Chaque situation étant liée à l’interprétation de la clause de la convention collective applicable, voici donc le libellé de celle-ci :
«Par invalidité, on entend un état d’incapacité résultant d’une maladie, […] nécessitant des soins médicaux et qui rend l’employé totalement incapable d’accomplir les attributions habituelles de son emploi […].» [Emphase ajoutée.]
Chirurgie esthétique: pas une maladie
L’employeur et le syndicat ont admis que la jurisprudence est constante à ce sujet: une intervention de chirurgie esthétique n’est pas une maladie, à moins d’une disposition expresse au contraire. Ils ont convenu que la chirurgie esthétique était exclue de la notion de «maladie» contenue à la convention collective et, par conséquent, que le jour de l’intervention ne faisait pas partie de la réclamation pour assurance-salaire.
Point en litige: période de convalescence
Selon le syndicat, la période de convalescence doit être considérée comme une maladie justifiant une période d'invalidité, car la plaignante ne peut exécuter ses tâches régulières.
Or, l’arbitre ne retient pas ses prétentions. Il souligne que, en choisissant de subir une intervention chirurgicale volontaire, la plaignante a accepté un plan de traitement de deux mois, planifié à l’avance et dont les conséquences étaient bien connues.
Il a écarté toutes les décisions selon lesquelles des complications reliées à une intervention chirurgicale non requise peuvent donner ouverture au droit d'obtenir des prestations d'assurance-salaire. Il faut prendre connaissance de la revue de la jurisprudence présentée par l’arbitre et portant sur l’état d’incapacité d’une personne suivant une intervention chirurgicale dite volontaire.
À la lumière de la jurisprudence, il a apprécié la situation de la plaignante et a établi certaines distinctions, en s’exprimant ainsi :
«[…] la détérioration de la santé de la plaignante n’était pas due à une autre condition qui s’est développée après la maladie […], ni à une complication distincte de la chirurgie […]. Bien qu’elle était incapable d’accomplir les tâches reliées à sa fonction, la santé de la plaignante n’a pas été pour autant modifiée par l’intervention chirurgicale qui a donné lieu à la période d’invalidité […]» (paragr. 58).

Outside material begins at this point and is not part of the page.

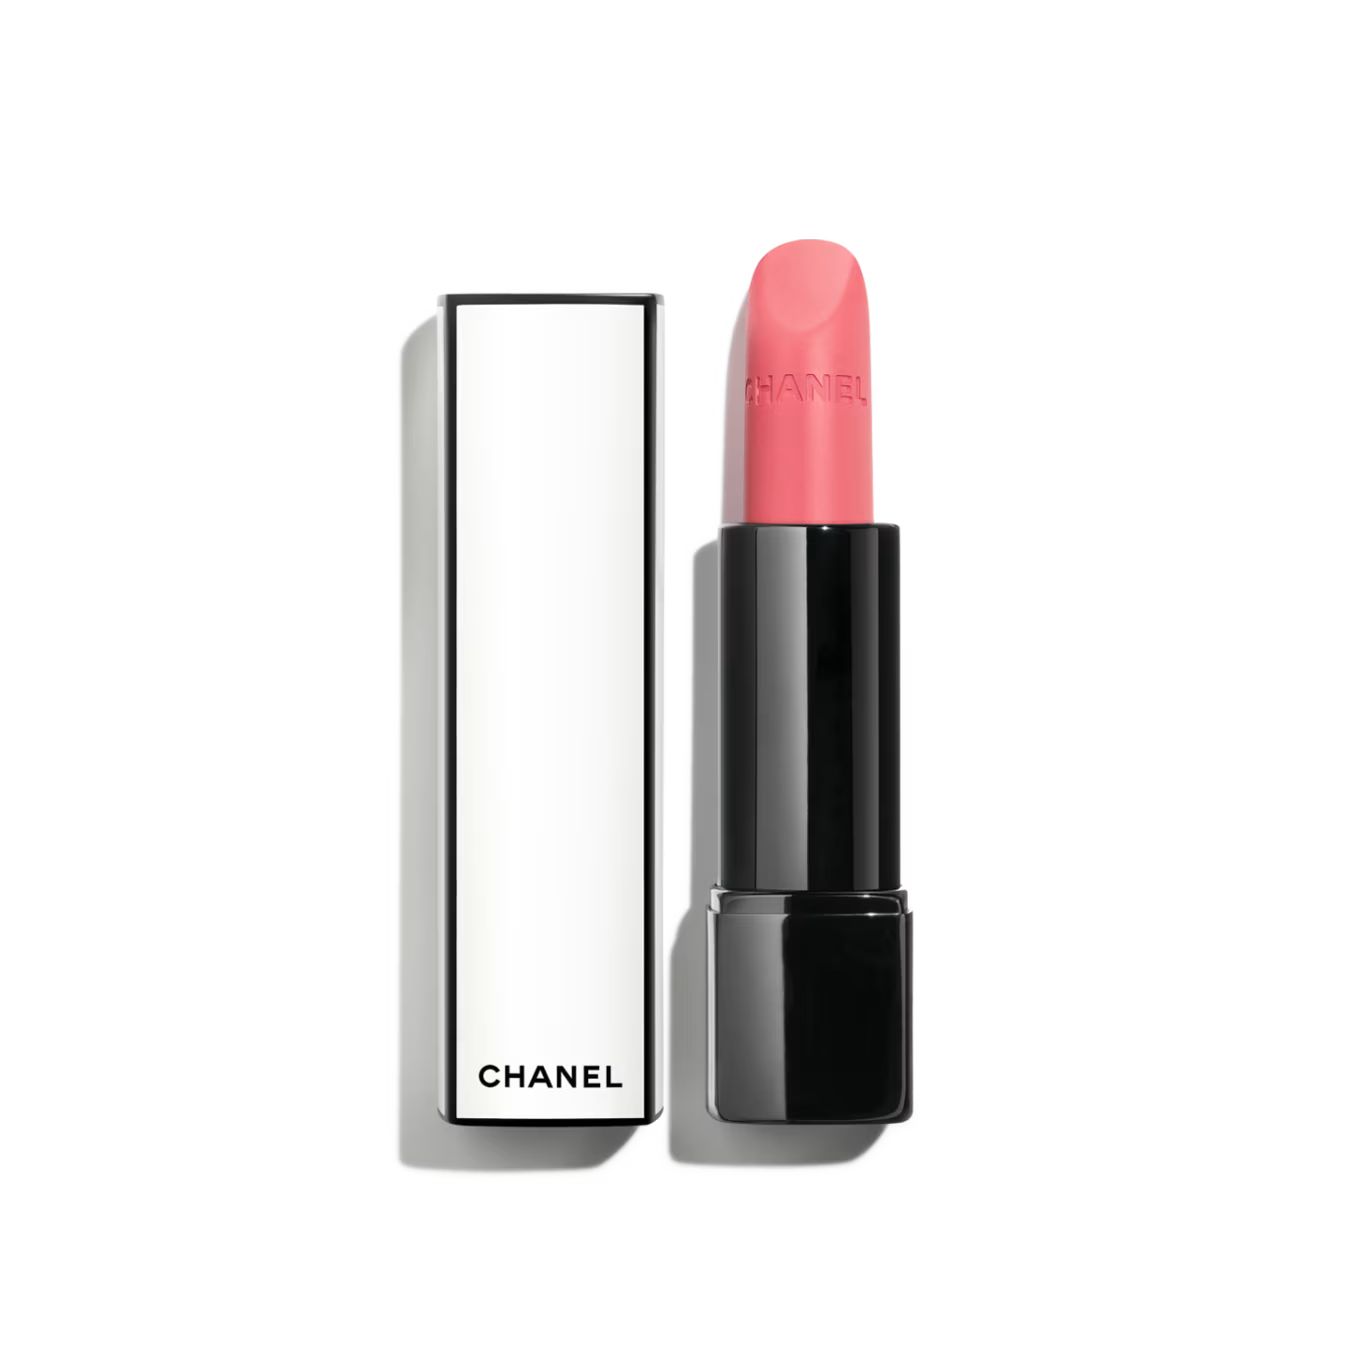 ROUGE ALLURE VELVET NUIT BLANCHE Luminous matte lip colour 07:00 | CHANEL | Chanel, Inc. (US)

Il a aussi distingué les deux décisions Hydro-Québec, Syndicat des employées et employés de techniques professionnelles et de bureau d’Hydro-Québec (SCFP-FTQ), section locale 2000 c. Hydro-Québec et Hydro-Québec c. Jutras, au motif que les clauses des conventions collectives applicables étaient libellées différemment.

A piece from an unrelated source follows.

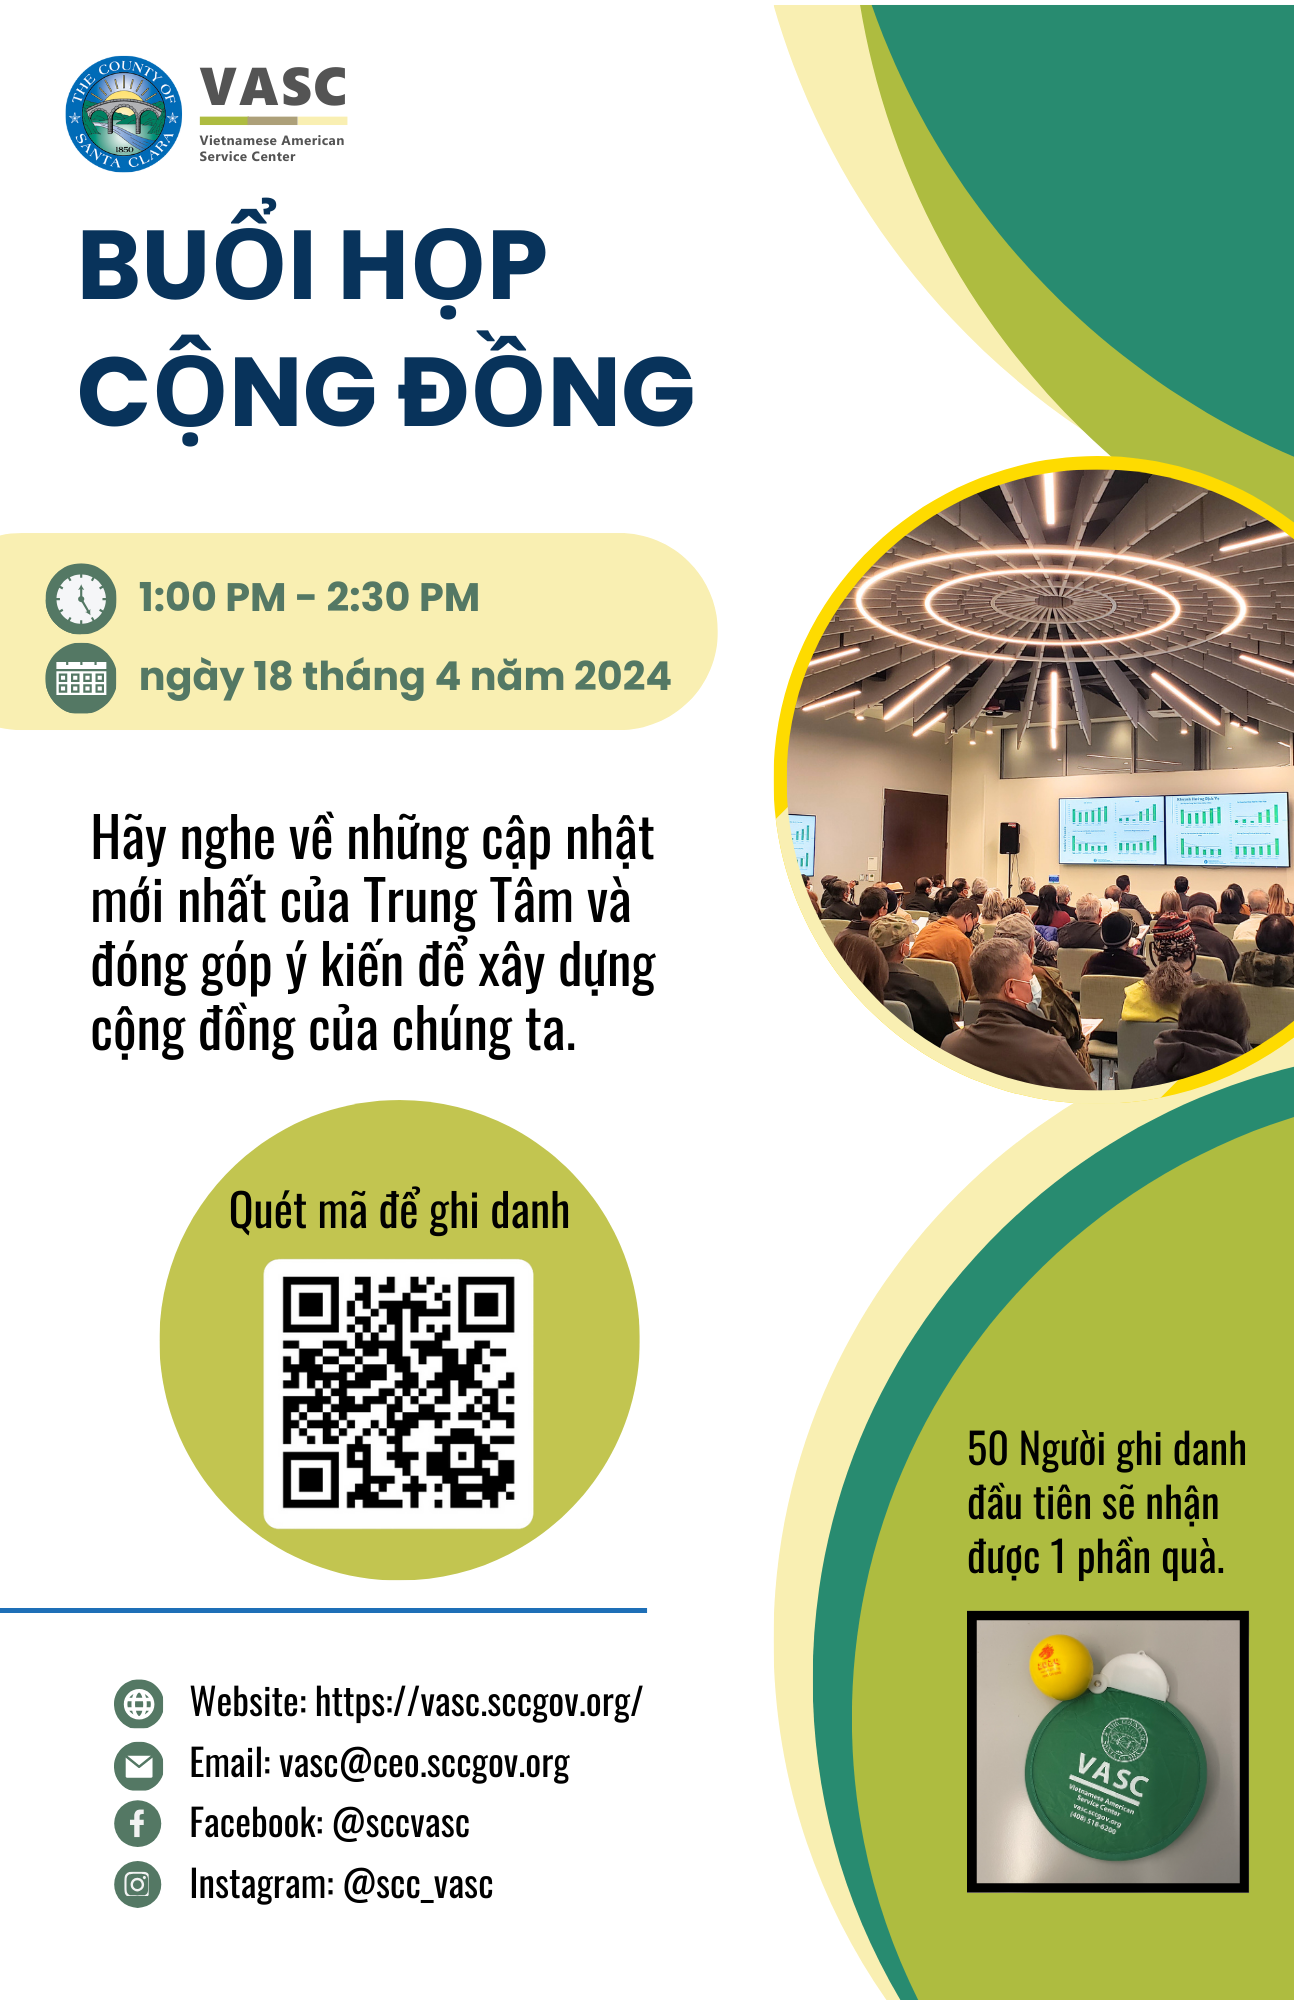 Community stakeholder meeting flyer in Vietnamese

Il ajoute que la clause n’indique pas «un état d’incapacité ou une maladie, mais bien un état d’incapacité résultant d’une maladie.» (les soulignés sont de l’arbitre). Comme ici l’invalidité de la plaignante ne résulte pas d’une maladie, elle ne peut donc avoir droit aux prestations d'assurance-salaire.
Voilà une intervention chirurgicale qui a coûté plus cher que prévu pour la salariée… À suivre, car cette sentence arbitrale fait l’objet d’une requête en révision judiciaire devant la Cour supérieure. (2014-02-19 (C.S.) 500-17-081169-149.)
Références
- Syndicat des agents de la paix en services correctionnels du Québec et Québec (Ministère de la Sécurité publique) (Sylvie Bertrand), (T.A., 2014-01-20), 2014 QCTA 125, SOQUIJ AZ-51053379, EXPT 2014-780, D.T.E. 2014T-290.
- Syndicat des employées et employés de techniques professionnelles et de bureau d'Hydro-Québec (S.C.F.P.-F.T.Q.), section locale 2000 c. Hydro-Québec (C.A., 2001-11-30), SOQUIJ AZ-50106993, J.E. 2002-37, D.T.E. 2002T-2, [2002] R.J.D.T. 1, [2002] R.J.Q. 351.
- Hydro-Québec c. Jutras (C.S., 1998-11-17), SOQUIJ AZ-50779433.
1. Effectivement, on se trouve la dans le cas de la démarche volontaire. Même si il est possible d’argumenter avec pertinence sur le fait qu’une abdominoplastie est une intervention légitime, il s’agira toujours d’un choix dont les circonstances ne sont pas « morbides ». 2. Prendre 2 mois de congés après une plastie abdominale me semble un peu exagéré. Au pire, un chirurgien esthétique pourra ordonner un arrêt d’activité professionnelle d’un mois.
Je pense que la législation en place et trop archaïque et ne prend pas en considération les changements socio-culturelles que connaissent les sociétés. Dans une société du physique et du paraître il n’est plus admissible de ne pas considérer le la chirurgie esthétique dans sa totalité « une maladie »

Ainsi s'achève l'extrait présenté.